**WHAT IS BEING ASKED:**
No picture belongs in the copy. Repeat each line below exactly.
** Opening STORED DATA block **
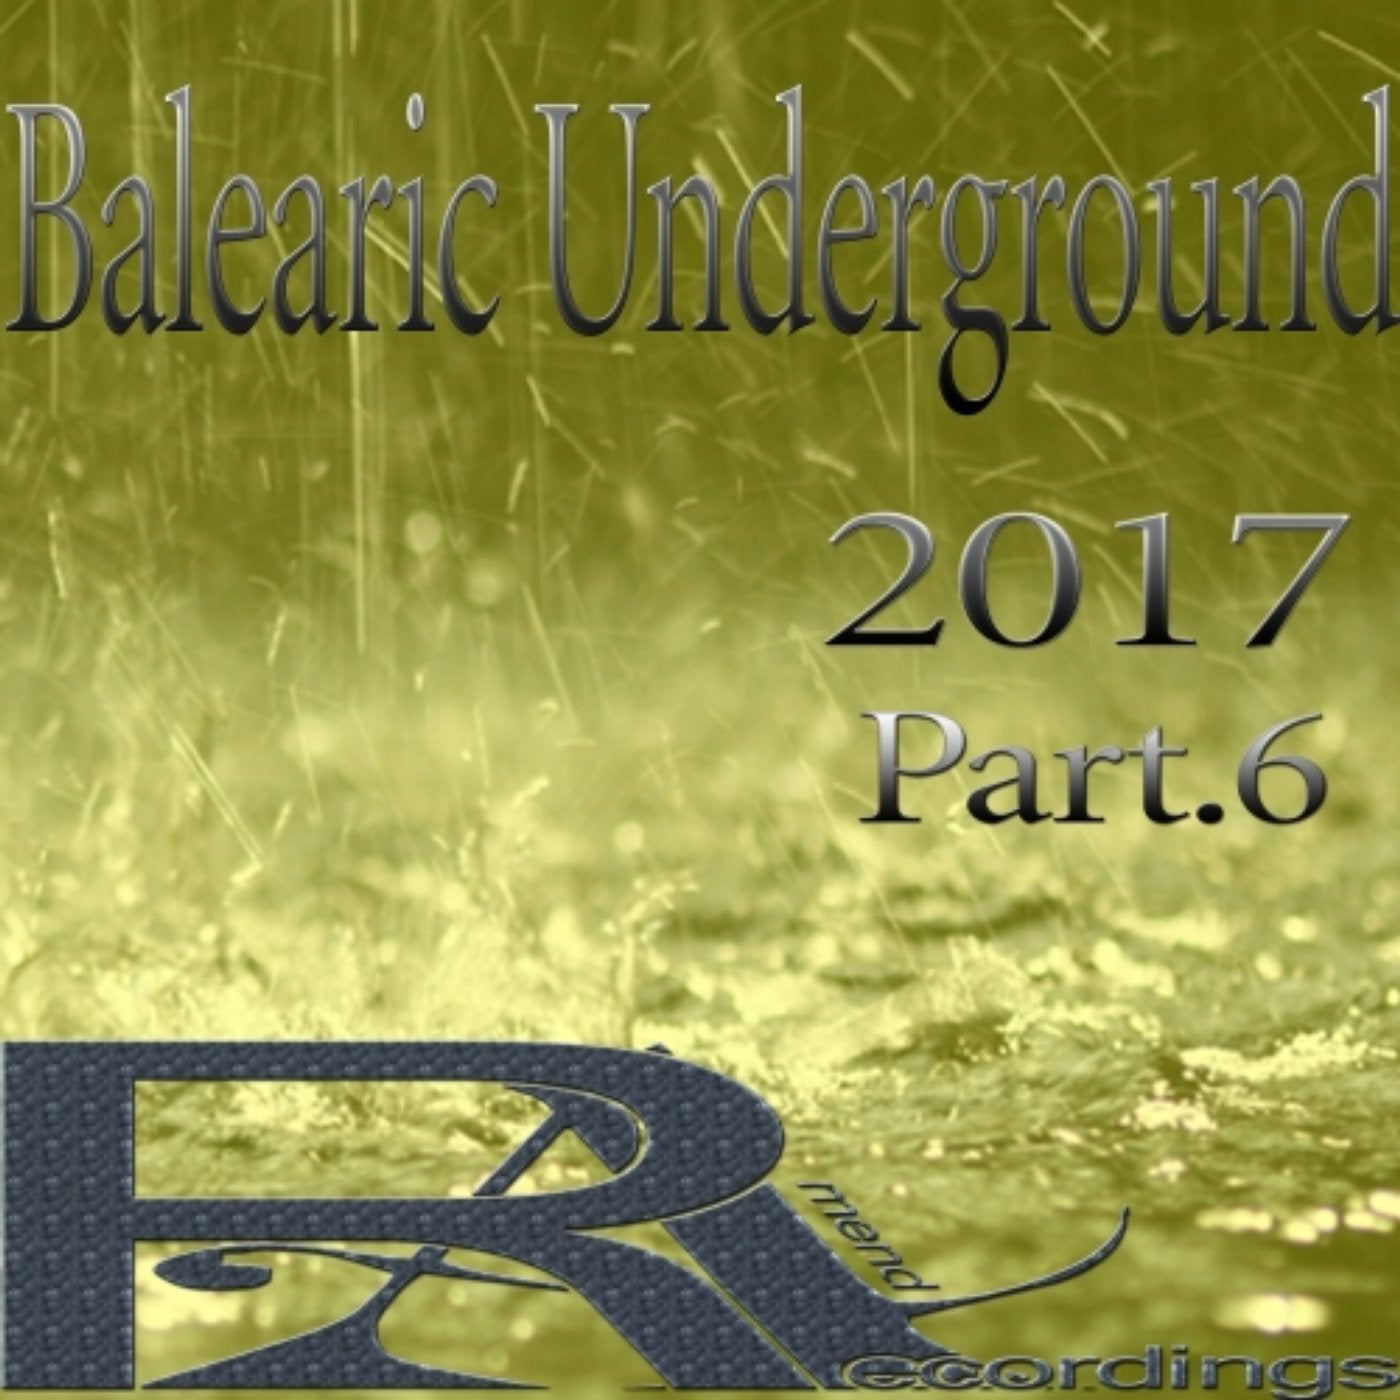 Balearic Underground 2017 (Part.6)
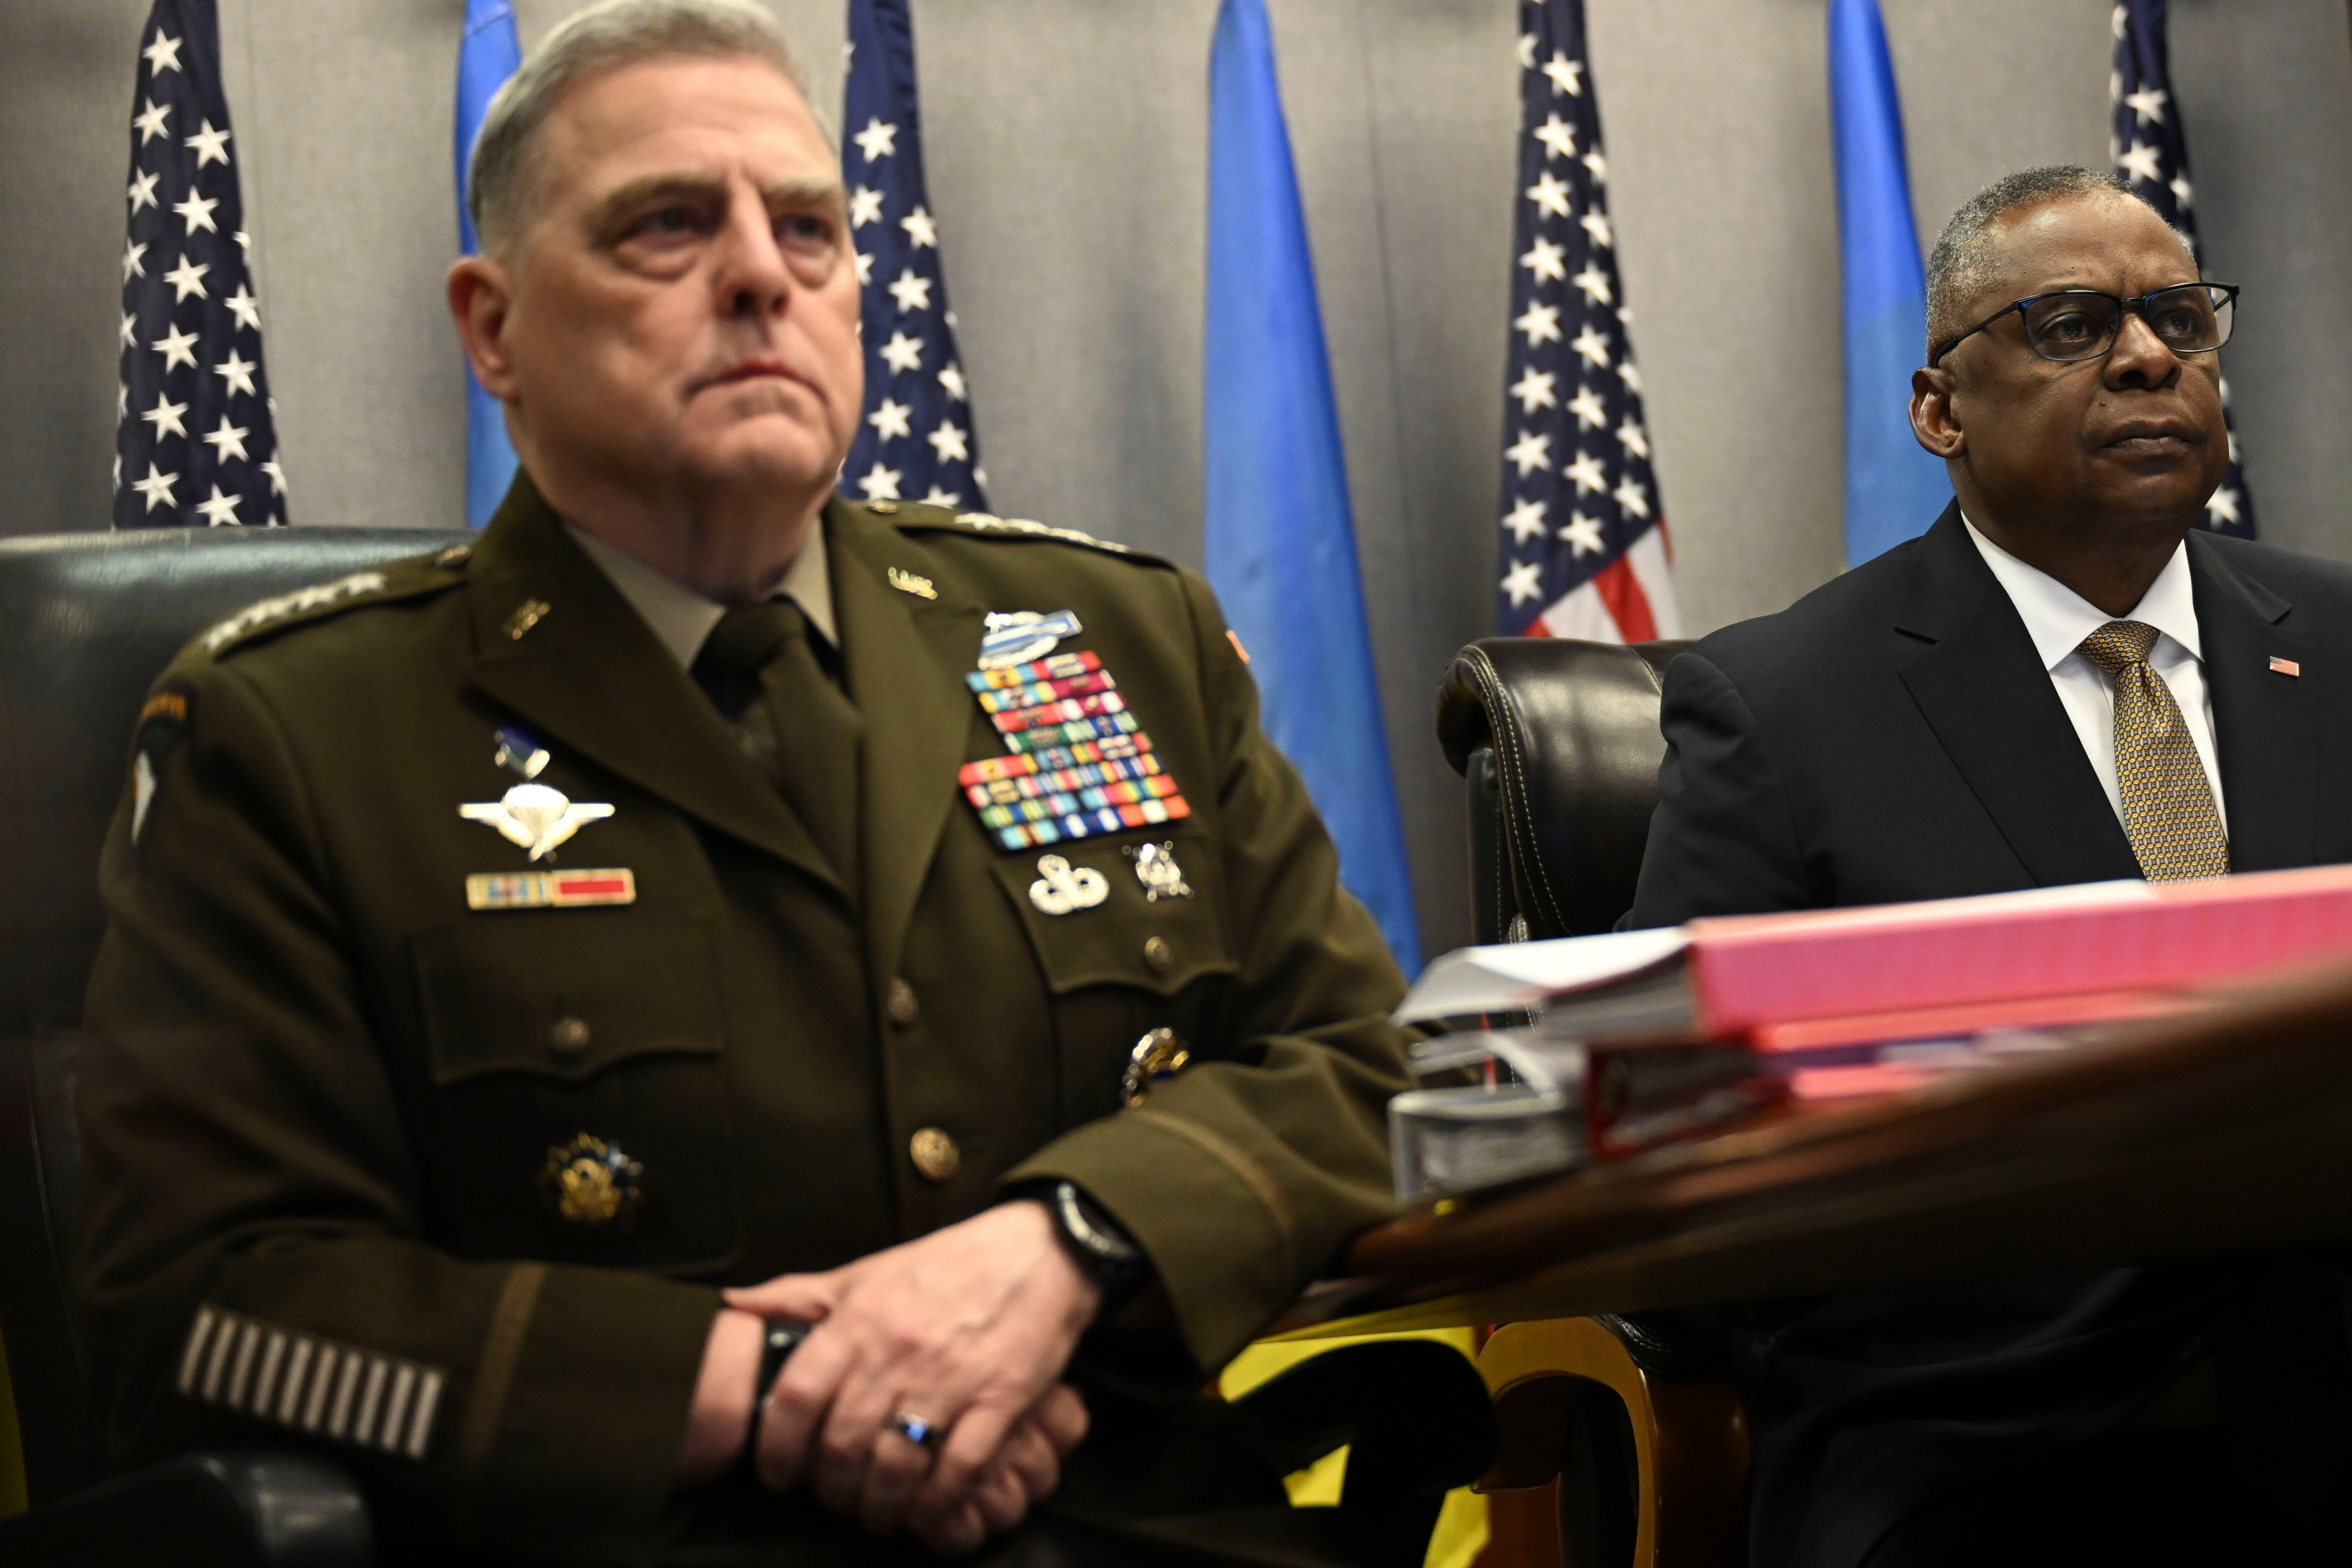 El secretario de Defensa de EEUU Lloyd Austin (d) con el jefe del Estado Mayor general Mark Milley en el Pentágono en Washington el 15 de marzo de 2023. (Andrew Caballero-Reynolds/Pool via AP)
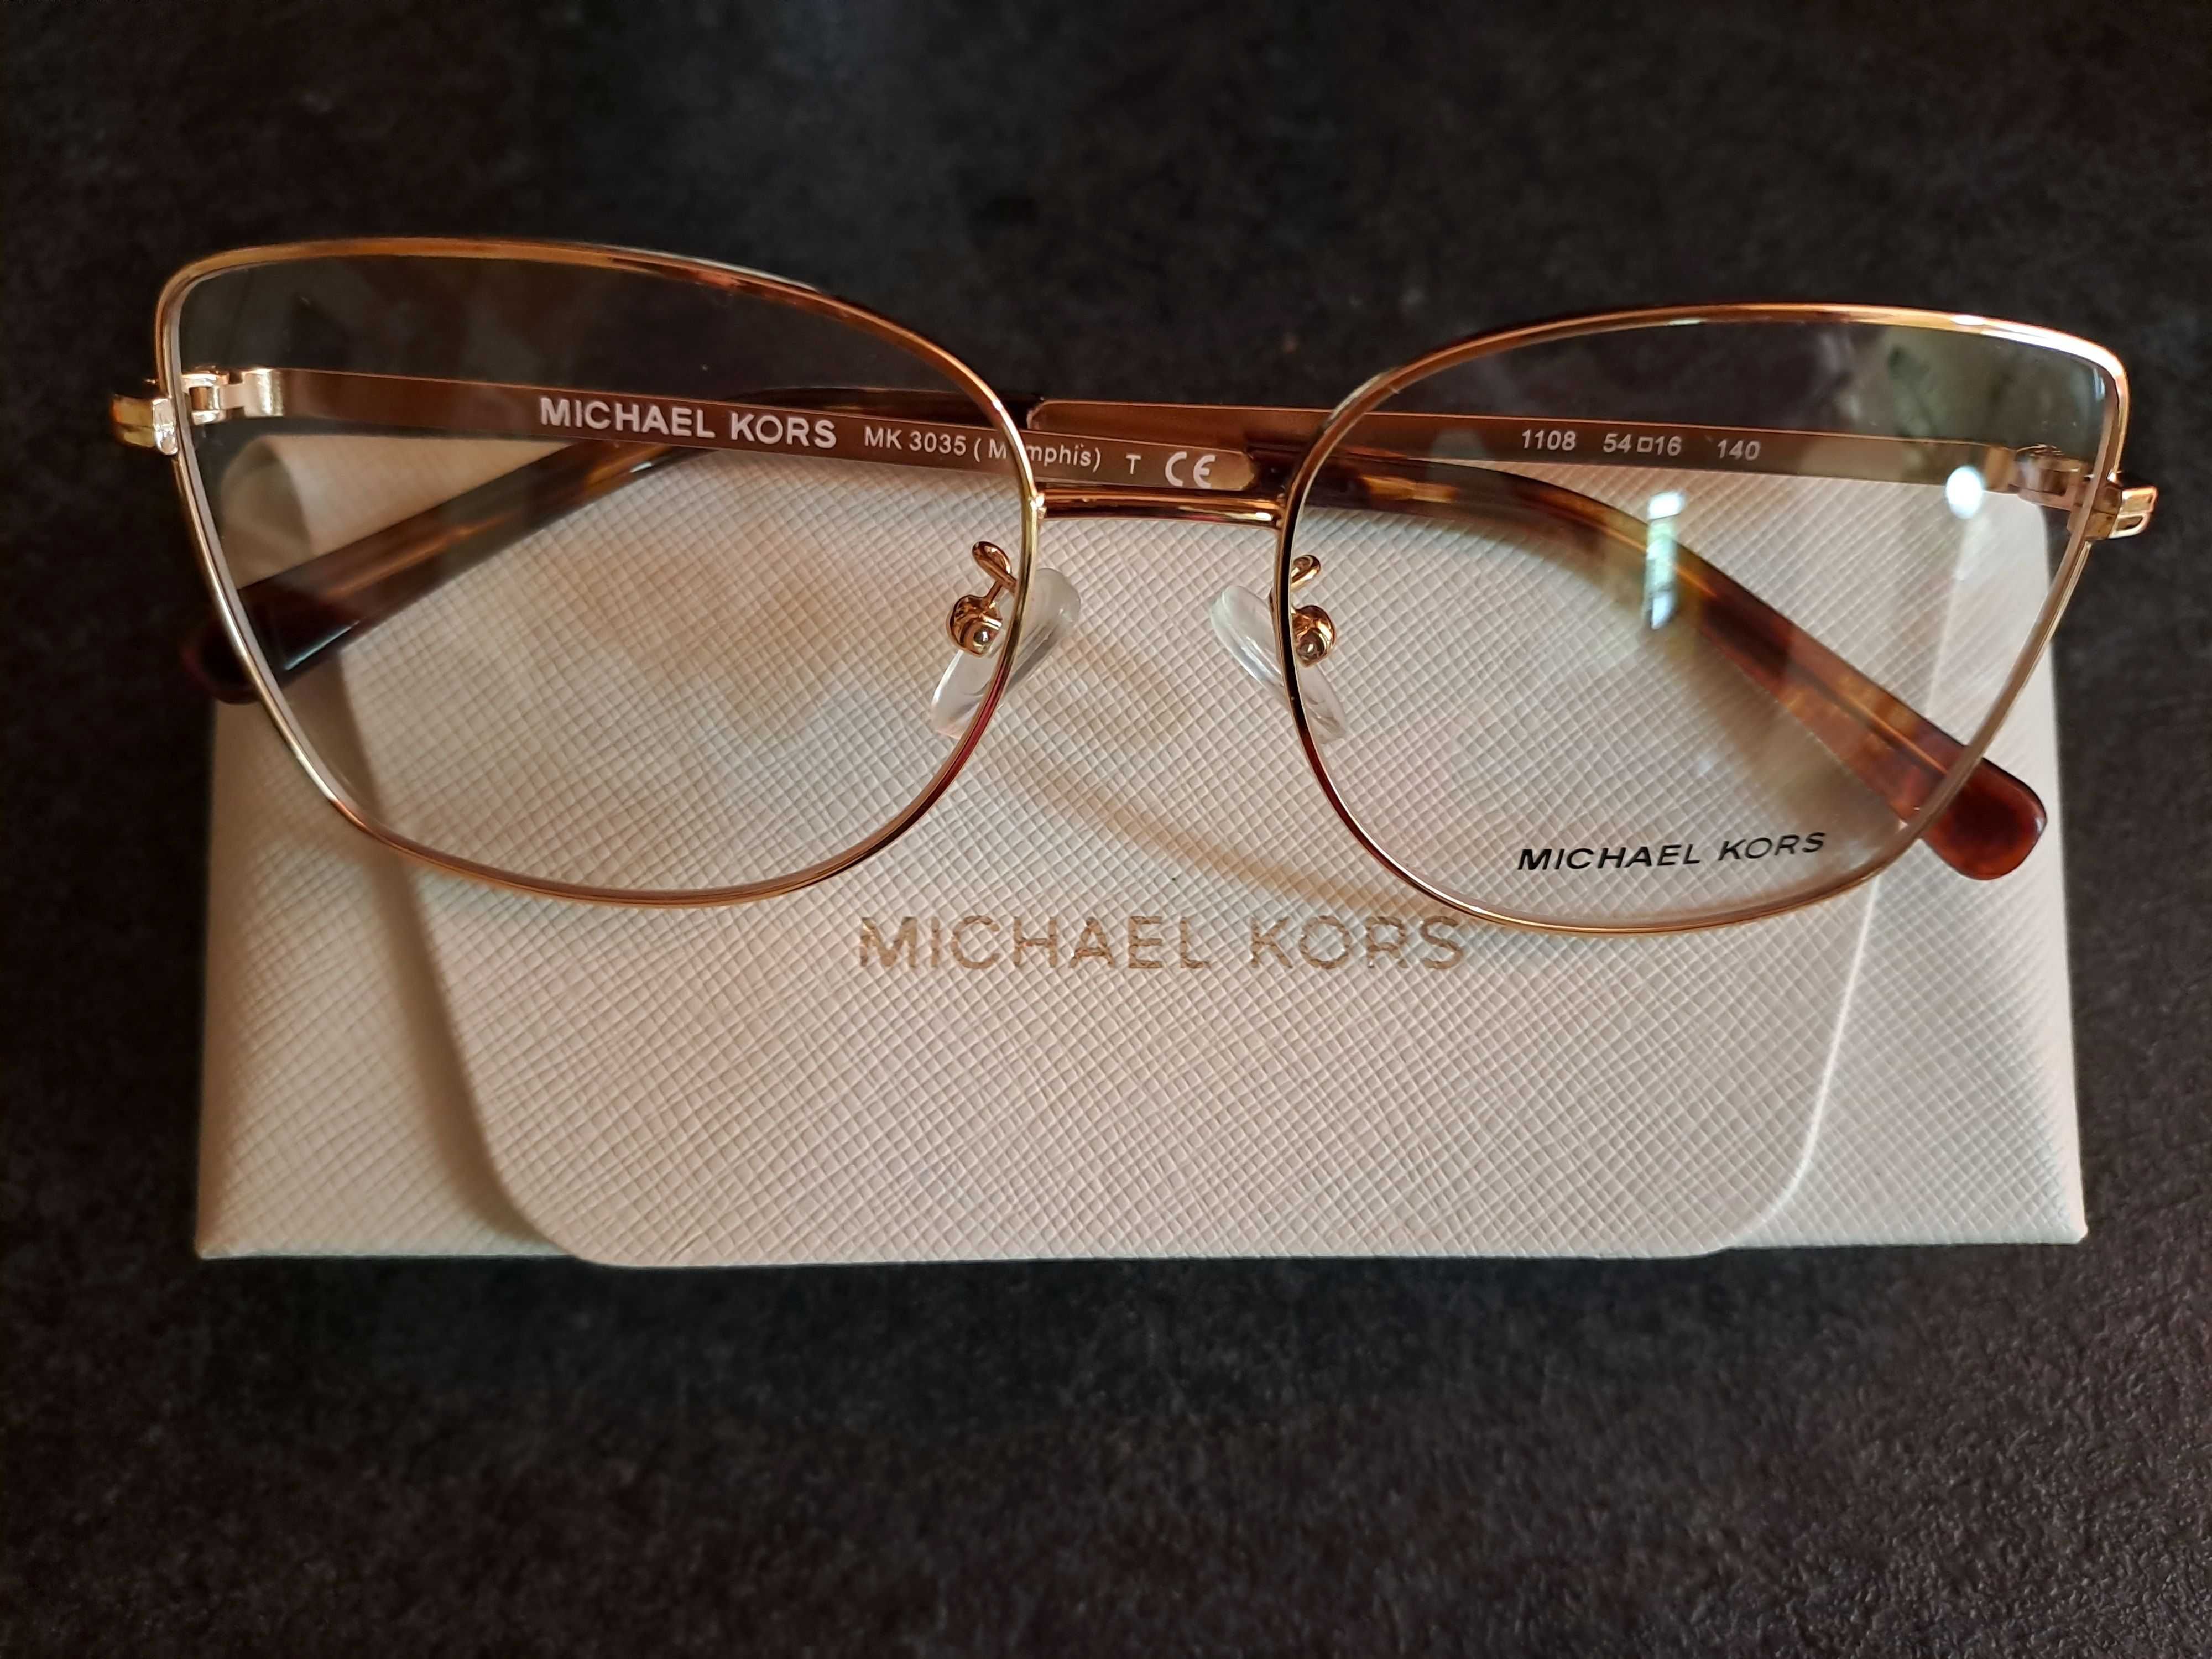 НОВА диоптрична рамка за очила Michael Kors Memphis MK3035 1108
** Closing STORED DATA block **
**RESPONSE AREA:**
 Balearic Underground 2017 (Part.6)
 El secretario de Defensa de EEUU Lloyd Austin (d) con el jefe del Estado Mayor general Mark Milley en el Pentágono en Washington el 15 de marzo de 2023. (Andrew Caballero-Reynolds/Pool via AP)
 НОВА диоптрична рамка за очила Michael Kors Memphis MK3035 1108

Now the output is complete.